2. Description of the Related Art Investigation of the function of lymphocytes, which play an important role in the immune surveillance mechanism, and the proportion of their subsets (subfractions) is important for the diagnosis of various diseases, particularly immunodeficiency and autoimmune diseases. It is important to know the change of the condition. In addition, when performing blood transfusion or organ transplantation including bone marrow transplantation, it is important to examine the compatibility of HLA (major histocompatibility antigen), which is a type of leukocyte, for suppressing rejection or side effects after transplantation.

[0003] In these tests, furthermore, in order to analyze the killer activity of lymphocytes in tumor immunity and the interaction between cells, the separation of mononuclear cells is an indispensable technique.
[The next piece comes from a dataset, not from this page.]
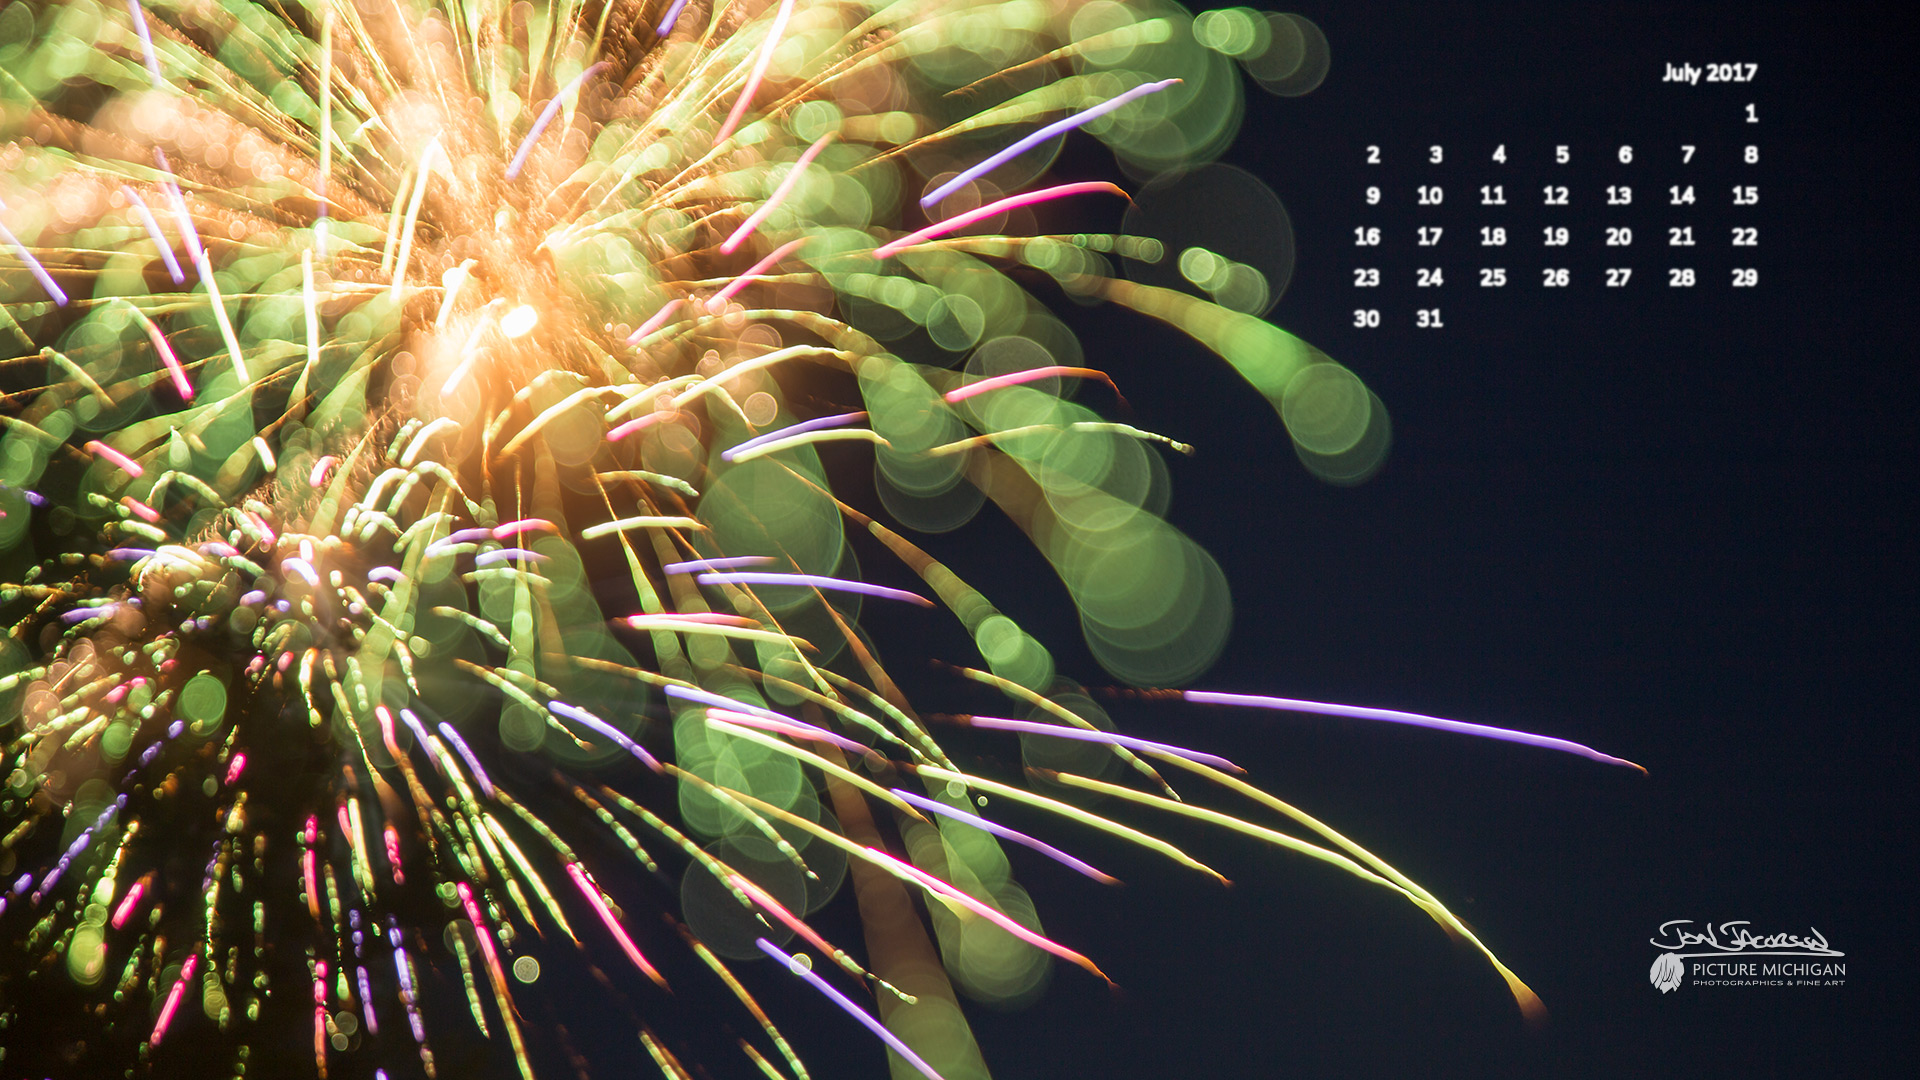 July 2017 Calendar Desktop Wallpaper Fireworks Picture Michigan 1920x1080

It is desired to provide a method.

[0004] The most common technique for separating mononuclear cells from human peripheral blood is 5.7% w / v Ficoll 40.
0 and 9.0% w / v aqueous solution of sodium diatrizoate, Ficoll-Paque (registered trademark, Pharmacia Fine Chemicals (Registered trademark) whose specific gravity (density) is adjusted to 1.077 g / ml. Pharmacia FineCh
emicals).

This method comprises the following basic steps (1) to
(4). (1) placing a predetermined amount of Ficoll pack on the bottom of the test tube; (2) carefully pipetting the neat or diluted blood sample onto the Ficoll pack; (3) preparing the Ficoll pack. The Ficoll-packed blood preparation is placed in a 400-mm basin so that blood components having a specific gravity greater than the specific gravity will travel into or pass through the Ficoll-pack.
Centrifuging at ~ 500G for about 30-40 minutes,
(4) A step of collecting a mononuclear cell layer separated above the Ficoll pack with a pipette.
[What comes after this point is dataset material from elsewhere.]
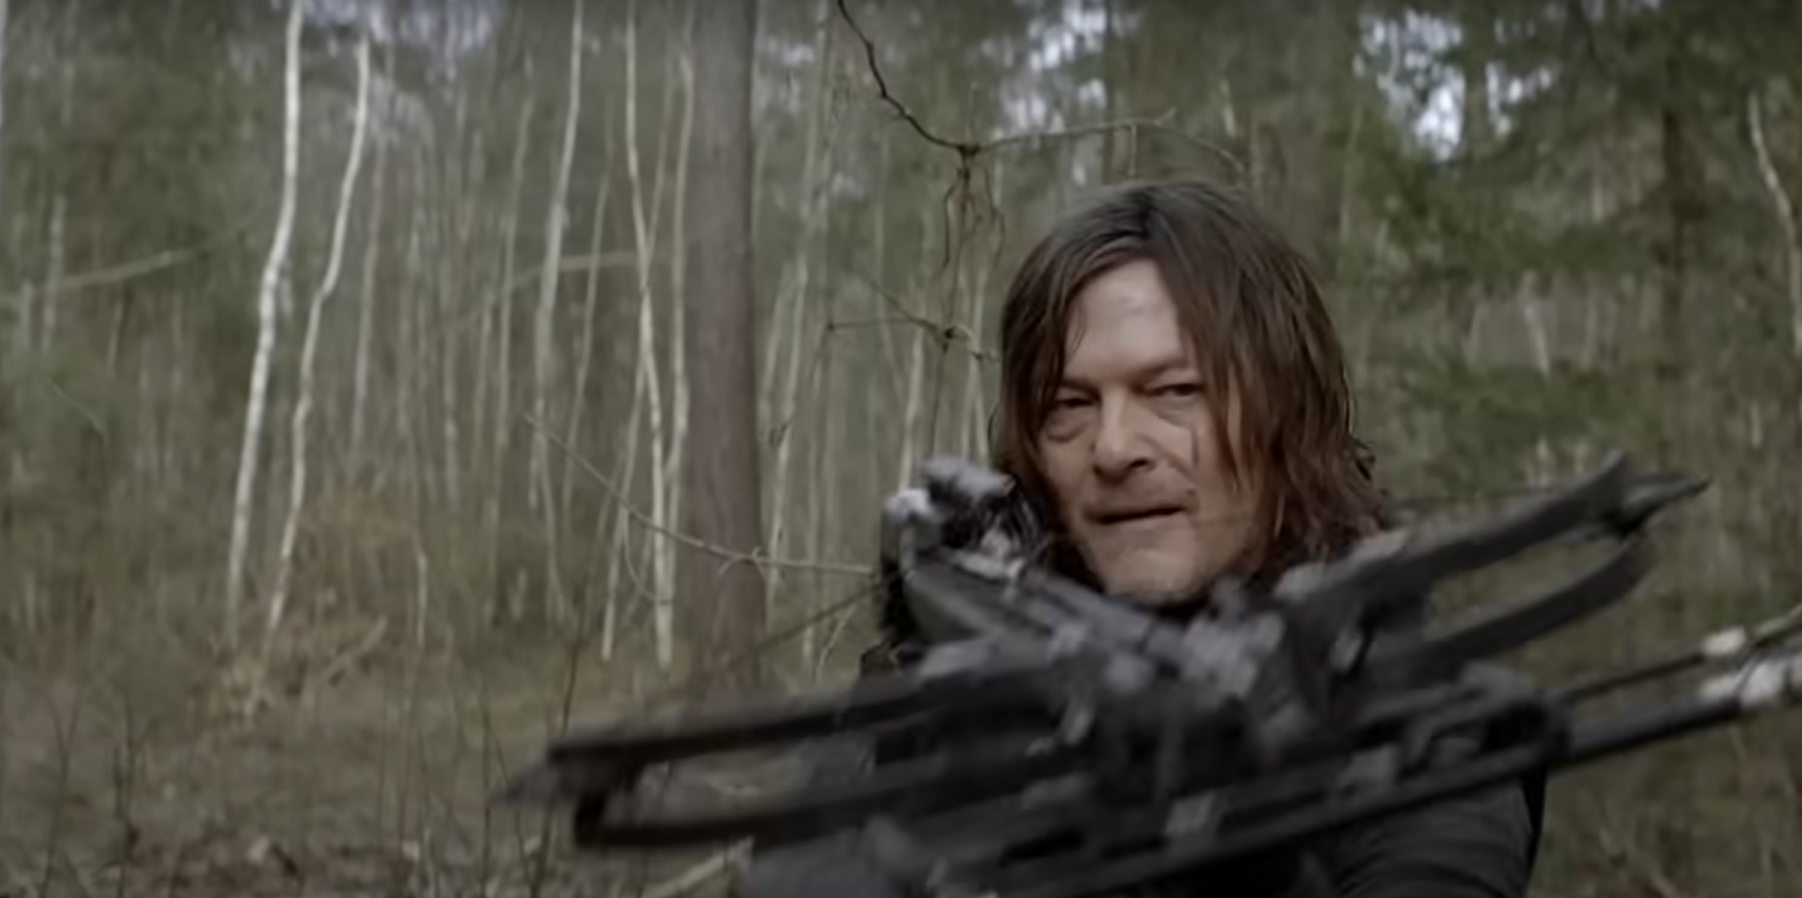 Norman Reedus - The Walking Dead Daryl Dixon ©AMC

[0006] However, this method has the following disadvantages. That is, when a blood sample is first transferred onto a Ficoll pack using a pipette, if leukocytes spread below the surface of the Ficoll pack,
There is a problem that the specific gravity of Ficoll Pak is locally reduced. Therefore, when transferring blood, the blood must be gently layered so as not to disturb the interface with the Ficoll pack, and the necessary amount of Ficoll pack must be placed in the test tube at the time of use. However, there is a problem that the operation is complicated.

It is also conceivable that a Ficoll pack is stored in a test tube in advance, but since it has high fluidity, the test tube must be allowed to stand until the interface shape is stabilized before blood is supplied. And the operation is inefficient.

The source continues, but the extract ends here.